**Work to be completed**.
Return exactly the run of lines that begins at the line containing "这家公司没有 CEO,却发布了比 Tesla 性能还好的电动汽车?" and ends at the last line of the material below; pictures stay out.

**The data**.
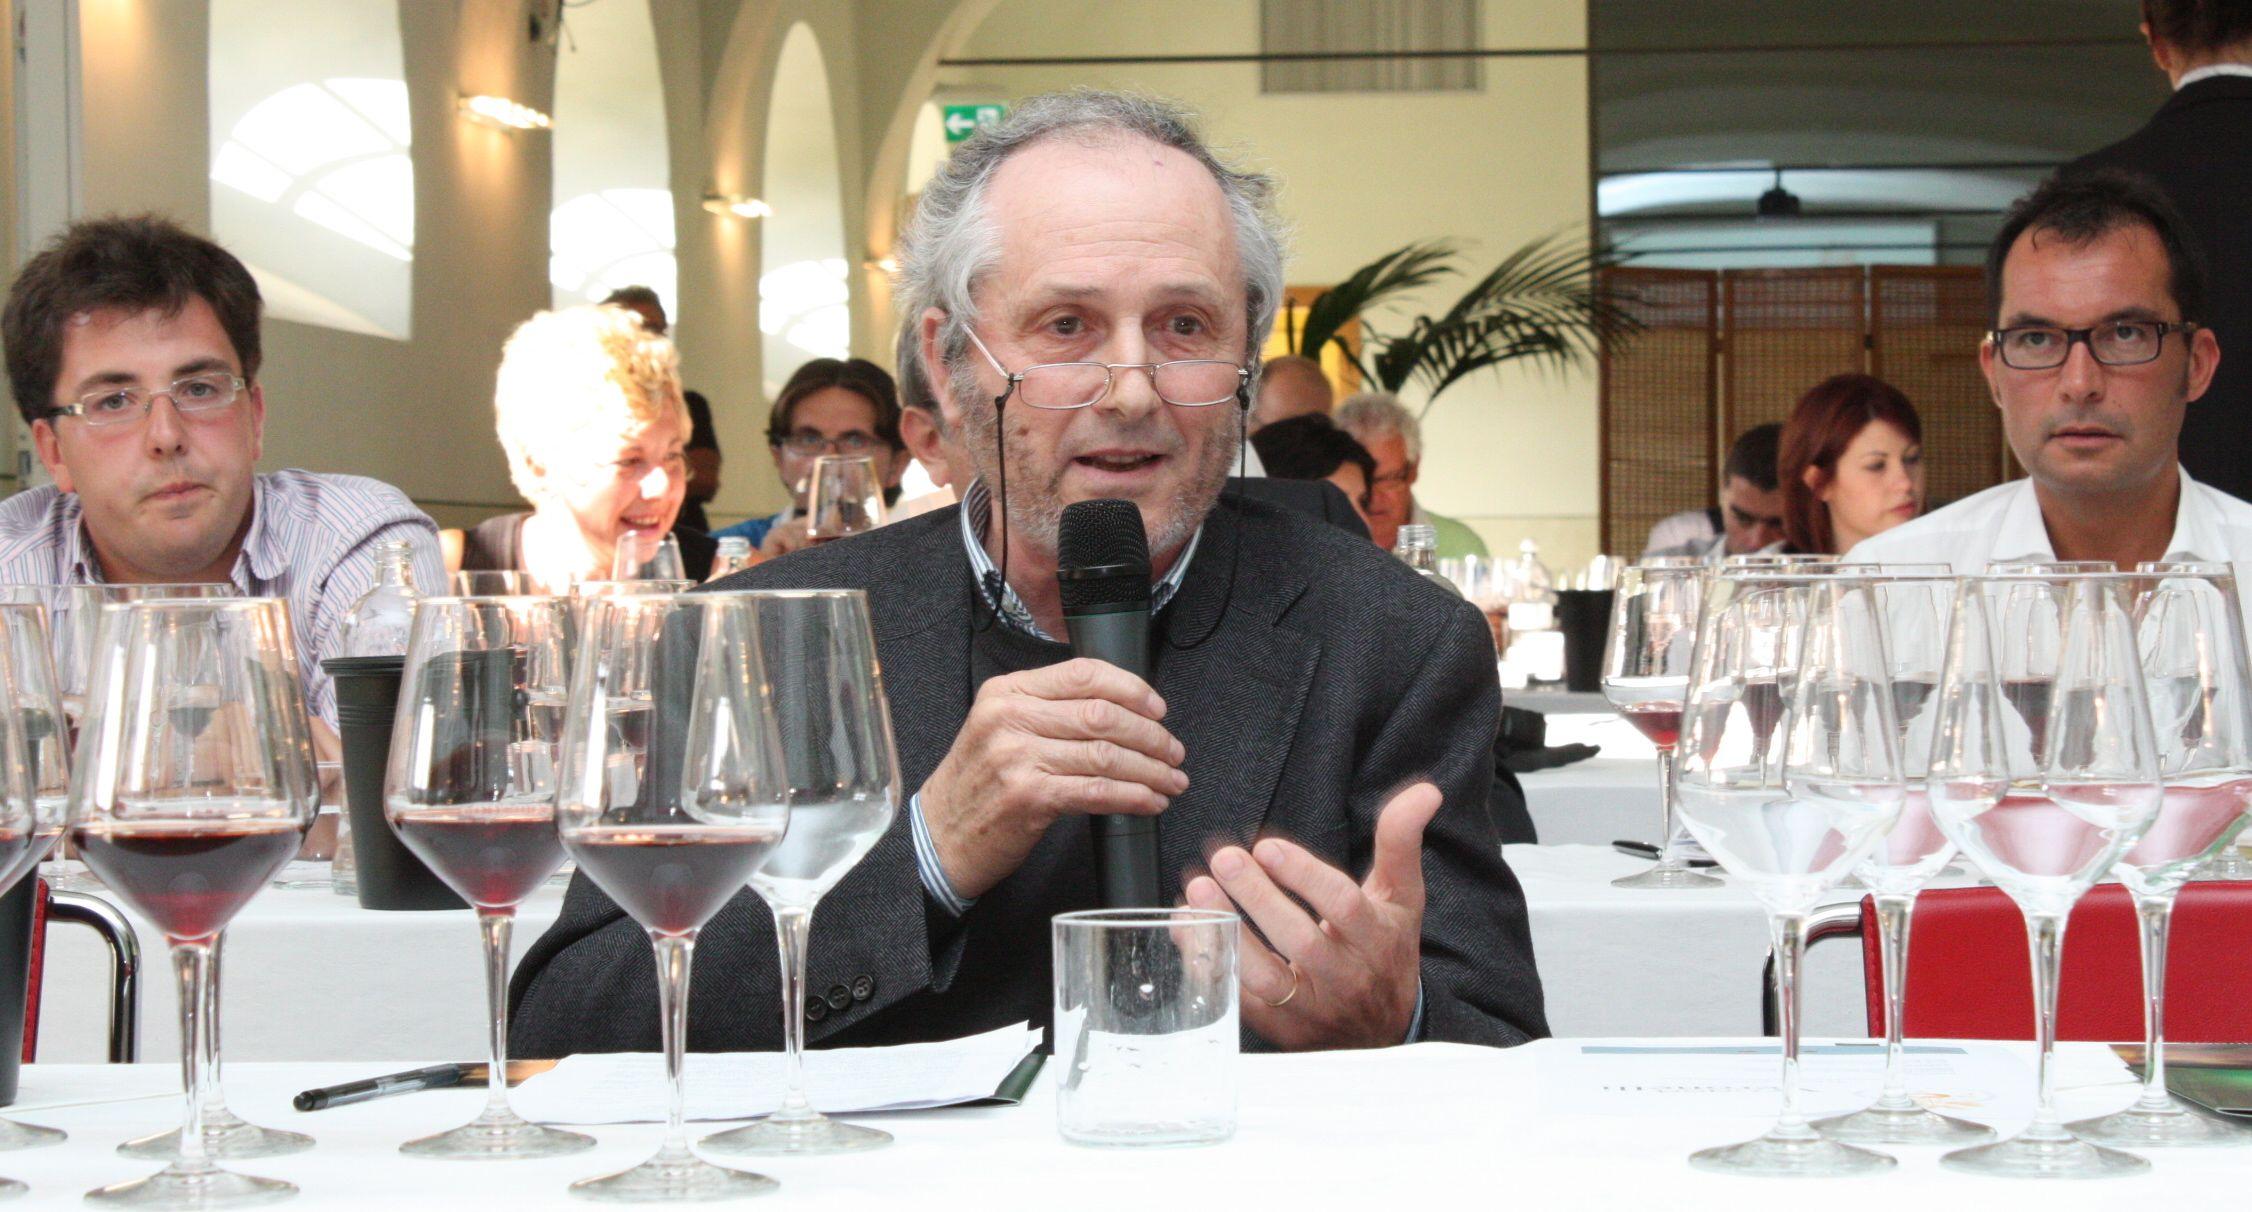 Ecco 50 migliori vini d'Italia per i Best Italian Wine Awards 2015. Vince il Barolo Monprivato 2010 di Giuseppe Mascarello
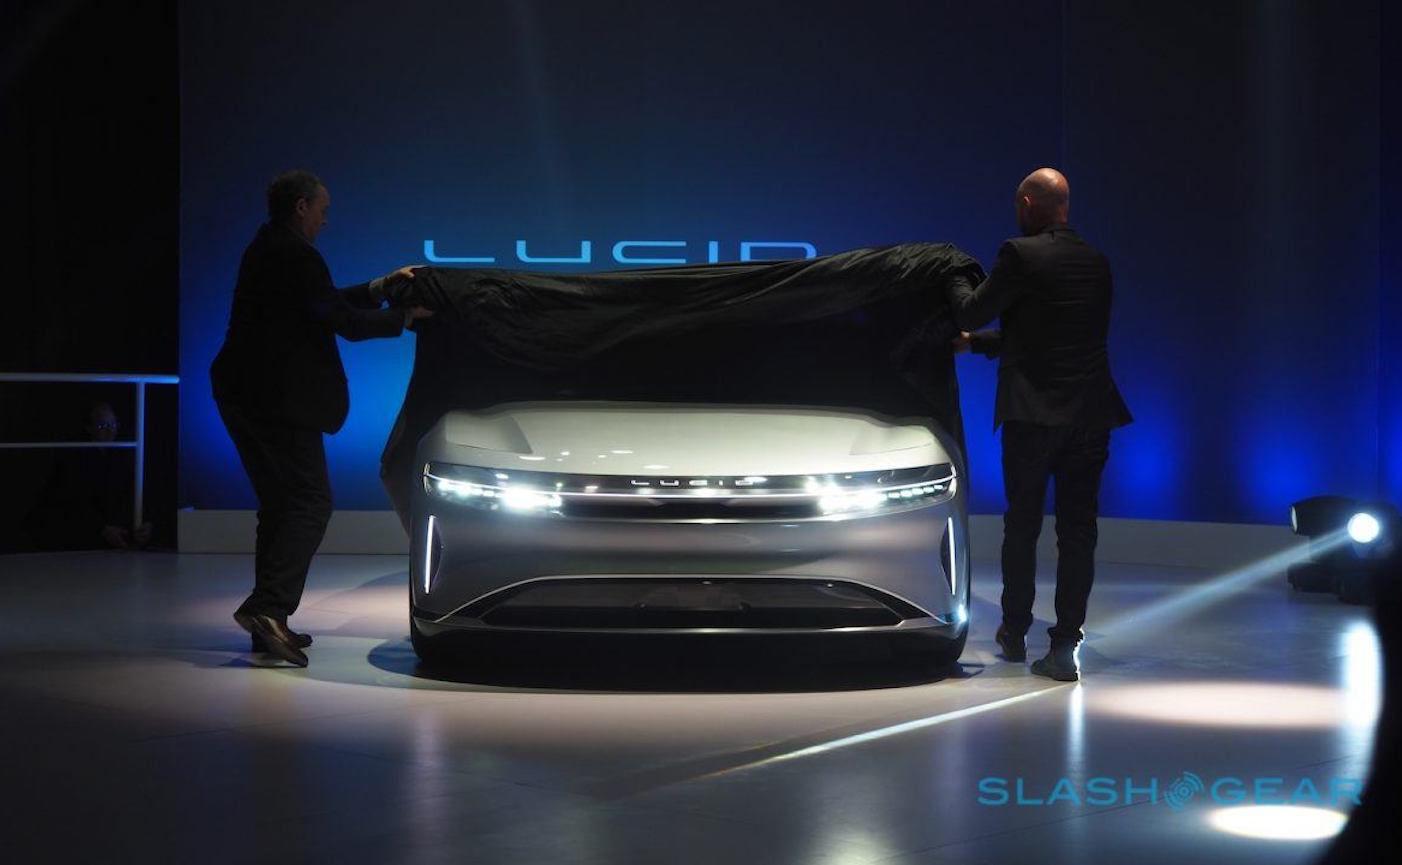 这家公司没有 CEO,却发布了比 Tesla 性能还好的电动汽车?
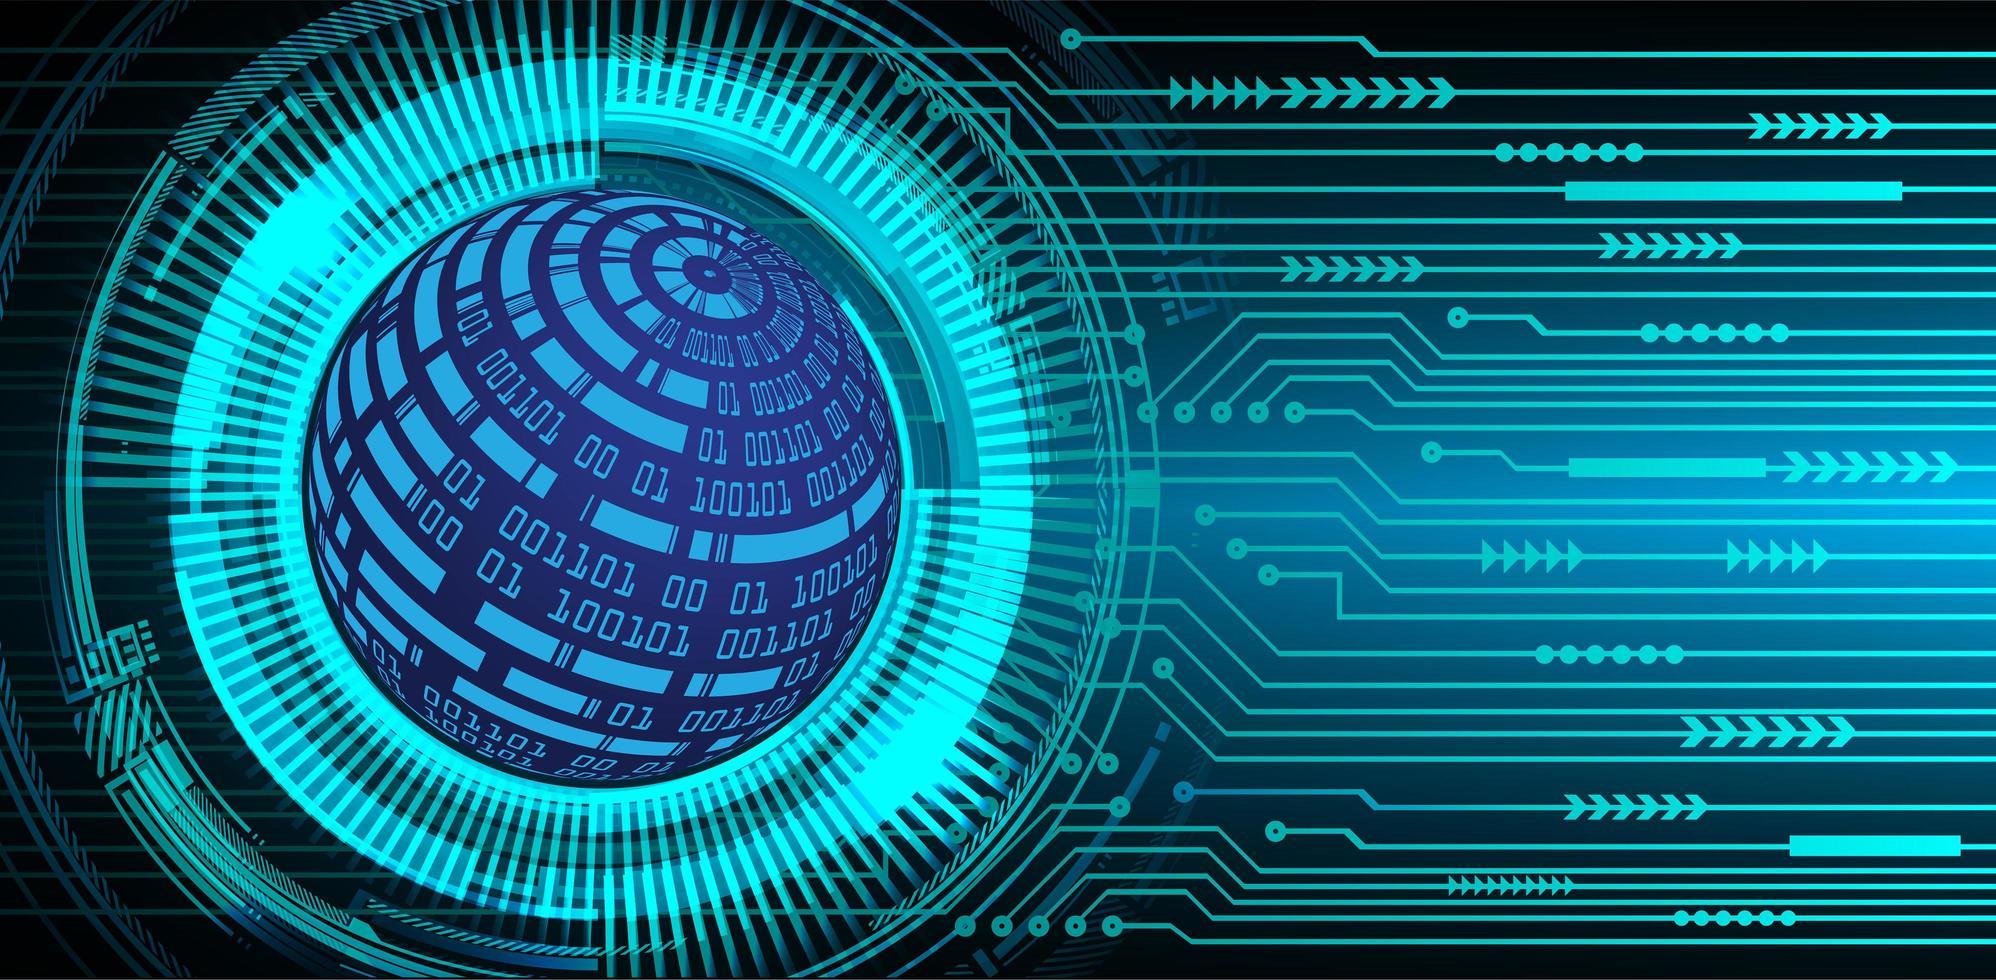 Zukunft und Technologie blauer Hologrammhintergrund mit Weltkarte vektor

**Task result**.
 这家公司没有 CEO,却发布了比 Tesla 性能还好的电动汽车?
 Zukunft und Technologie blauer Hologrammhintergrund mit Weltkarte vektor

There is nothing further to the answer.